Коля был до смешного застенчив и скромен. А возникал он ВДРУГ только среди своих, никогда и нигде не появляясь непрошеным. Это его с первых юношеских строк уже звали и всюду ждали… У нас на глазах происходило небывалое: поэт, не опубликовавший еще ни единой строки, — сразу стал известен. Сначала за стенами Литинститута, очень скоро по всей Москве, а затем стремительно в самых отдаленных уголках нашей страны и за ее пределами (чему не я одна свидетель)…
День за днем сживалась наша студенческая община на Тверском бульваре, 25. А я от семинара к семинару все больше мрачнела. Когда подошла моя очередь читать, сказала Илье Львовичу, что пока еще не готова.
Тут следует сделать коротенькое пояснение, потому что к моему решительному переходу на факультет прозы Николай Глазков имеет прямое отношение.
Официально Глазков числился в семинаре Семена Кирсанова, однако желанен был на любом другом. Сельвинский сам пригласил Николая к нам. В этот день Коля читал отрывки из поэмы «Азия», а затем еще много стихов и «краткостиший». Это был самый долгий семинар у Ильи Сельвинского…
После этого семинара я не написала больше ни единой стихотворной строки. Правда, решение переходить на факультет прозы назревало по мере знакомства с поэзией Кульчицкого и всей, уже упомянутой, пятерки.
А тем временем подползала весна сорок первого года. Отсчитывались последние дни нашей молодости с ее переизбытком надежд и вдохновенья…
Миша Кульчицкий как-то, прогремев во весь голос свое знаменитое: «А я все равно люблю Россию…» — прошелся дерзким взглядом по нашим лицам и добавил: «Моя горбушка хлеба всегда падает маслом вверх!»
Нужно ли напоминать о том, что сам он упадет… насмерть в сорок третьем году…
Порасшвыряла нас война — кого куда.
Сельвинского и весь его мужской семинар — на фронт. Меня злая судьба снова закинула в Тбилиси, откуда с таким трудом вырвалась в Россию весной 1939 года, убежденная, что это уже навсегда… Только в сорок третьем дождалась я вызова из Литинститута, где «своих», даже девушек, было не густо. На радость, в Москве оказался Коля Глазков.

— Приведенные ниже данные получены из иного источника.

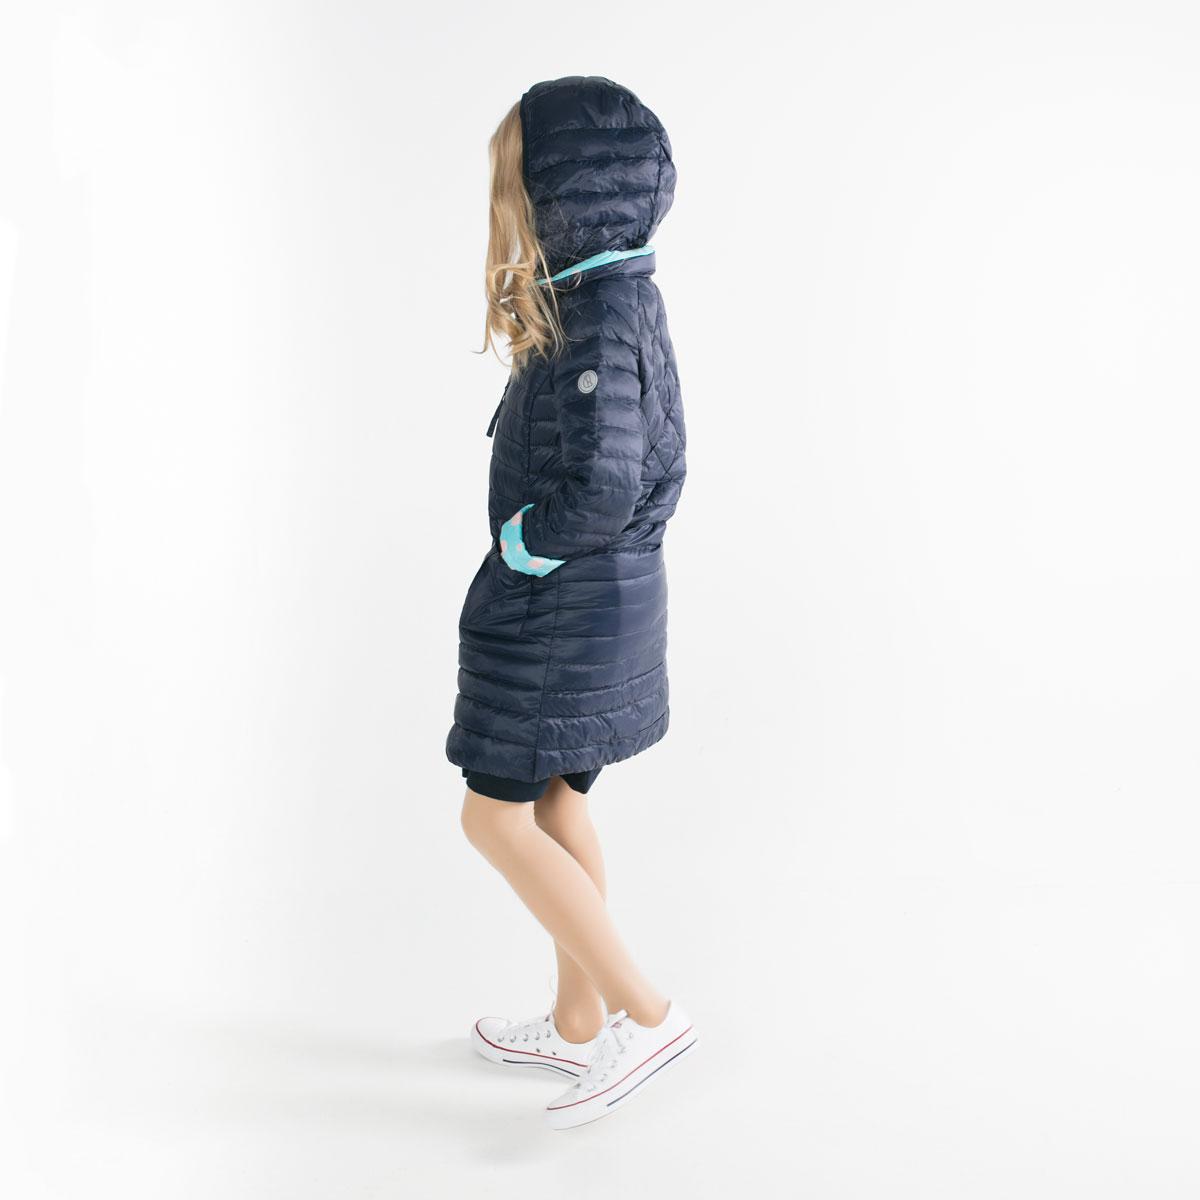 Pengu KIDS ultra light down coat in dark blue

Он молча подошел ко мне на перемене и так протянул руку, словно мы виделись позавчера. И взгляд его был тем же долгим, но теперь, помимо тепла, тлела в нем еще и печаль.
Был Коля бледнее обычного. Похудел. Черный узкий адвокатский сюртук с отцовского плеча делал его еще выше.
Повторились наши хождения к многочисленным его друзьям. Как должное восприняла я и то, что Николай не спросил, почему перешла на прозу. Конечно, все понял и не осуждает.
Только сейчас, уходя мыслью вспять, отчетливо вижу, какой небывалый жил рядом человек. Ни разу не видела злых глаз; не слышала громкого слова; не видела хохочущим! Изредка вырывался смех короткими, застенчивыми вспышками. Как ему удавалось быть всегда ровным и при этом всегда новым — необъяснимо! Про него можно, не покривив душою, сказать: легкий, неутомительный человек. Быть может, оттого, что всегда и повсюду был он сосредоточенно собран и замкнут. Не знала я только одного — каков он дома.
Лишь однажды, не помню зачем, забежала к нему на Арбат. Это было зимой сорок четвертого года. В квартире пустынно, холодно и сыро. В левом углу неметеной комнаты большая дыра в полу. С вопросами не спешу. Коля, крупно шагая, ходит взад и вперед. Может, сочиняет, а быть может, так он нервничает?! Я подошла к дыре. Она оказалась глубокой. Коля тут же приблизился:
— Крыша, — сказал он и взметнул руку над головой, — законным путем я не сумел добиться. Не чинят. Тогда я взял топор и прорубил сток, пусть теперь туда льется, ибо там, конечно, забегают.